一锅水热法制备全氟辛磺酸盐印迹碳微球及其吸附性能研究

Preparation of Molecularly Imprinted Carbon Microspheres by One-Pot Hydrothermal Method and Their Adsorption Properties to Perfluorooctane Sulfonate

采用废弃油茶籽壳生物质作为碳源,以全氟辛烷磺酸盐(PFOS)作为模板分子,间苯三酚为添加剂,通过一锅水热法制备了具有PFOS印迹的水热碳微球(PFOS-MIC)。采用扫描电镜(SEM)、透射电镜(TEM)、比表面积和孔径分布仪(BET)、傅里叶变换红外光谱仪(FT-IR)、热重/差热综合分析仪(TG/DTA)等对其进行了表征。PFOS印迹碳微球粒径约1.5 μm,内部由大量缔合氢键形成印迹位点。考察了此印迹碳微球对水中PFOS的吸附性能,如吸附动力学、pH值影响、吸附等温线及吸附选择性。结果表明,非印迹碳微球和印迹碳微球对PFOS的吸附动力学均符合拟二级动力学模型( R 2>0.994),在20℃,pH=3条件下,吸附平衡时间分别为1.5和3.0 h;酸性条件有利于PFOS的吸附;吸附等温线数据符合Langmuir吸附模型( R 2>0.993),20℃下最大吸附量分别为2930和5380 μg/g。选择性实验结果表明,在结构类似物共存的条件下,印迹碳微球对PFOS具有较好的吸附选择性。

Molecularly imprinted carbon microspheres (MIC) were synthesized by one-pot hydrothermal method with perfluorooctane sulfonate (PFOS) as template, camellia oleifera seed shell as carbon precursor and phloroglucinol as additive.

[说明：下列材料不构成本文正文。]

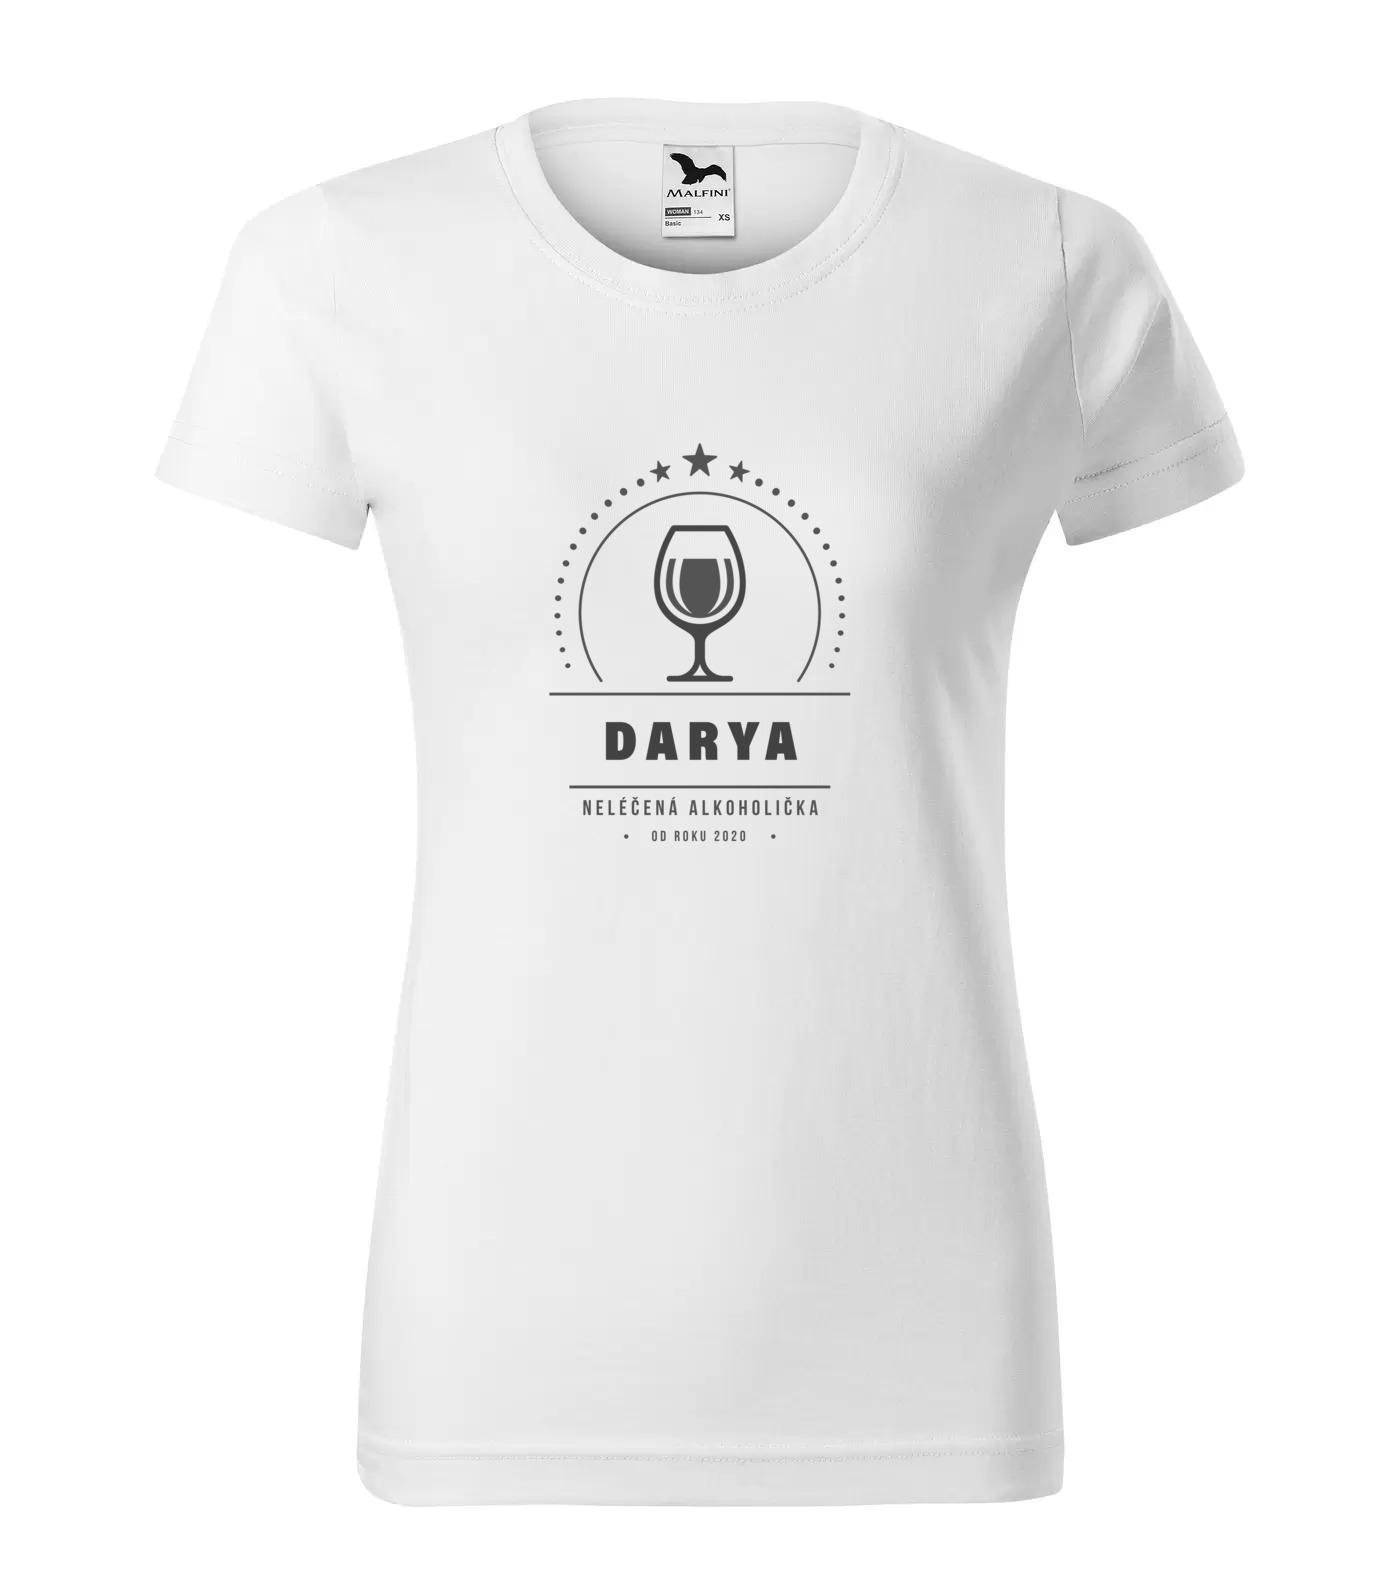 Tričko Alkoholička Darya

The as-prepared PFOS-MIC was characterized by scanning electron microscopy (SEM), transmission electron microscopy (TEM), specific surface area and pore size distribution analyzer (BET), Fourier transform infrared spectroscopy (FT-IR), and thermogravimetry/differential thermal analyzer (TG/DTA). The results of SEM, HRTEM and FT-IR showed that the PFOS-MIC had a particle size of about 1.5 μm, the activated binding sites were formed by a large number of interconnected hydrogen bonds. The adsorption properties of PFOS on PFOS-MIC and the corresponding non-imprinted carbon microspheres (NIC) such as adsorption kinetics, pH effect and adsorption isotherms were investigated. Results showed that the adsorption kinetics of PFOS on both NIC and PFOS-MIC fitted well with the secondary-kinetic model ( R 2> 0.994 ). When the temperature was set at 20℃ and pH=3, the adsorption equilibrium time was 1.5 h and 3.0 h, respectively. The lower pH was positive to the adsorption. The adsorption isotherms data fitted better to the Langmuir model ( R 2>0.993) than that of Freundlich model, and the maximum adsorption capacity at 20℃ was 2930 and 5380 μg/g for NIC and PFOS-MIC, respectively. Adsorption selectivity results indicated that the PFOS-MIC had good adsorption selectivity for PFOS, even in coexistence with the structure analogue surfactants.